Навязанную мне роль старого друга я сыграл без преувеличенной радости, но и без растерянности и смущения. Встретились два бывших школьных товарища и поговорили по душам о прежней и новой жизни.

— Кавалер Бален-де-Балю. Помнишь, маркиз?

— Конечно, помню. — Я все еще был лаконичен.

— Кого из ребят встречаешь?

— Мало кого. Разбрелись люди. Тимчука видел.

— Тимчука и.я видел. Он у румын в полиции. Думаю взять его к себе.

— Твое дело. Я с ним не дружу.

— А из девчонок кто где?

— Кто-то эвакуировался, кто-то остался.

— Галку встречаешь?

— Нет. Из дома меня выселили. В твоей светелке живу.

— Мать правильно поступила. Комната мне не нужна. А ты почему из города не удрал?

— В армию меня не взяли — плоскостопие. А эвакуироваться трудно было. Я не в партии, студент недоучившийся. Таких не брали.

— Ты ж комсомольцем был.

— Как и ты.

Волошин-Гетцке захохотал и потрепал меня по плечу.

— Грехи молодости. Гестапо тоже не обратит внимания на твое комсомольское прошлое. Хочешь, редактором сделаю?

— Поганая газетенка.

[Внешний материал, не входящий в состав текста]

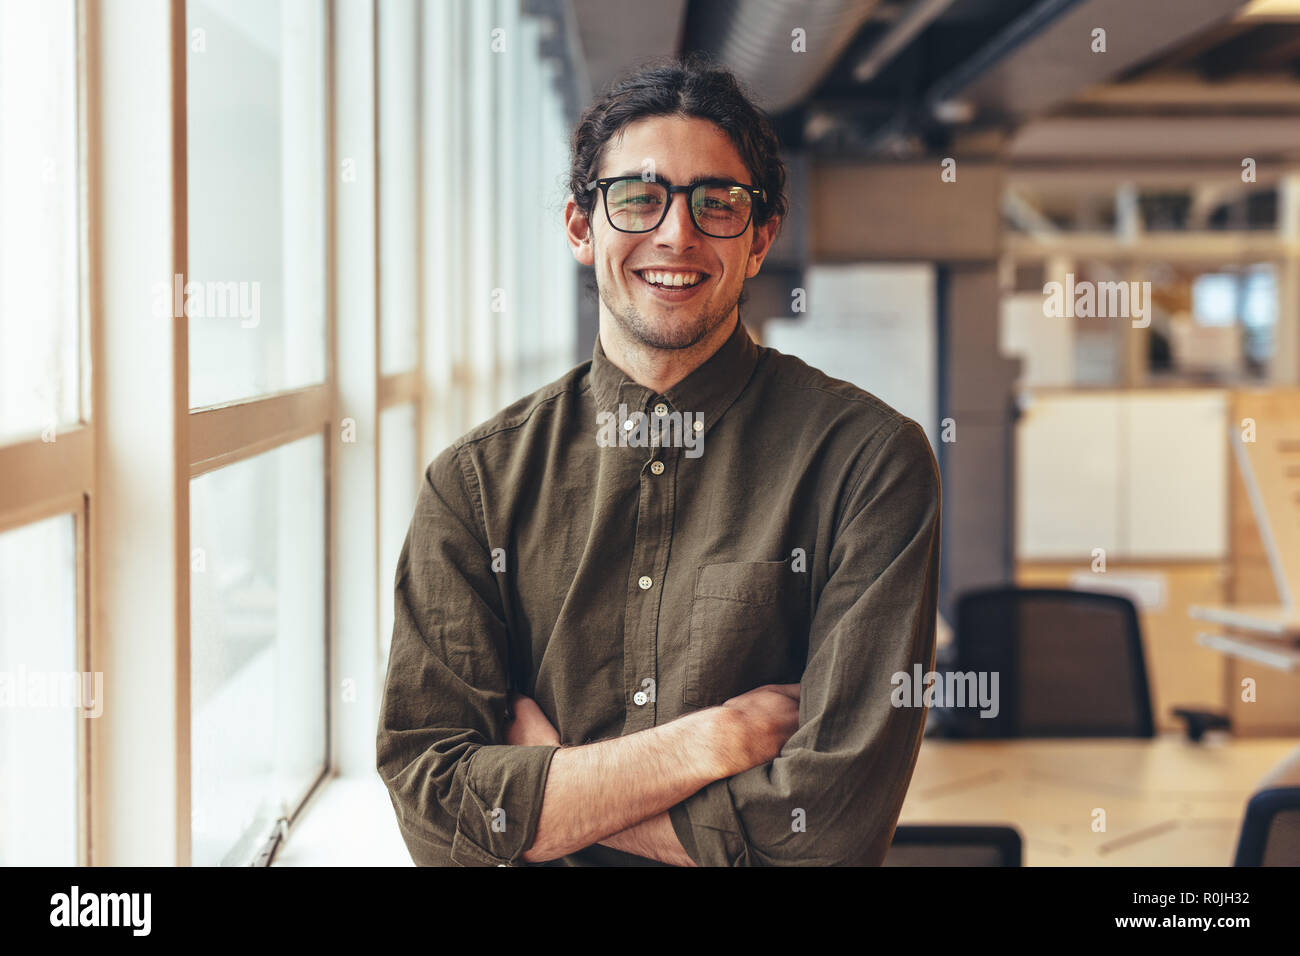 uomo d'affari in piedi accanto a una finestra in ufficio con le braccia incrociate. Ritratto di un uomo sorridente in ufficio accanto a una finestra. Foto Stock

Уж лучше наборщиком.

— Значит, душой с Советами?

— С Россией. Русский я, Павлик.

— Не Павлик, а Пауль. Я теперь немец по матери. По второй матери, баронессе фон Гетцке. Она усыновила меня и воспитала в духе новой Германии. Какой на мне мундир, видишь?

Я промолчал. Я видел и внешность и нутро гауптштурмфюрера, так радостно продавшего свою родину и народ. Даже сдержанная Мария Сергеевна после его ухода сказала мне с нескрываемой болью:

— Это уже не мой сын, Саша. Чужой. Совсем, совсем чужой…

Я попробовал сыграть:

— Что вы, Мария Сергеевна! Павлик как Павлик. Только зазнался.

— Нет, не зазнался, Саша. Онемечился.

— Грустно, — сказал я.

— Не только. Страшно.

Мне тоже было страшно. По краю пропасти идти не хотелось. Но Седой сделал неожиданный вывод:

— Перебрасывать тебя в катакомбы пока необходимости нет. Даже наоборот. Листовки, конечно, бросишь, а из школьной дружбы с гестаповским чином можно извлечь и пользу. Рискнешь?

Я думал.

— Если боишься, не неволю.

— Не боюсь. Трудно.

— А мне не трудно?

— Так ведь играть надо. А какой из меня актер!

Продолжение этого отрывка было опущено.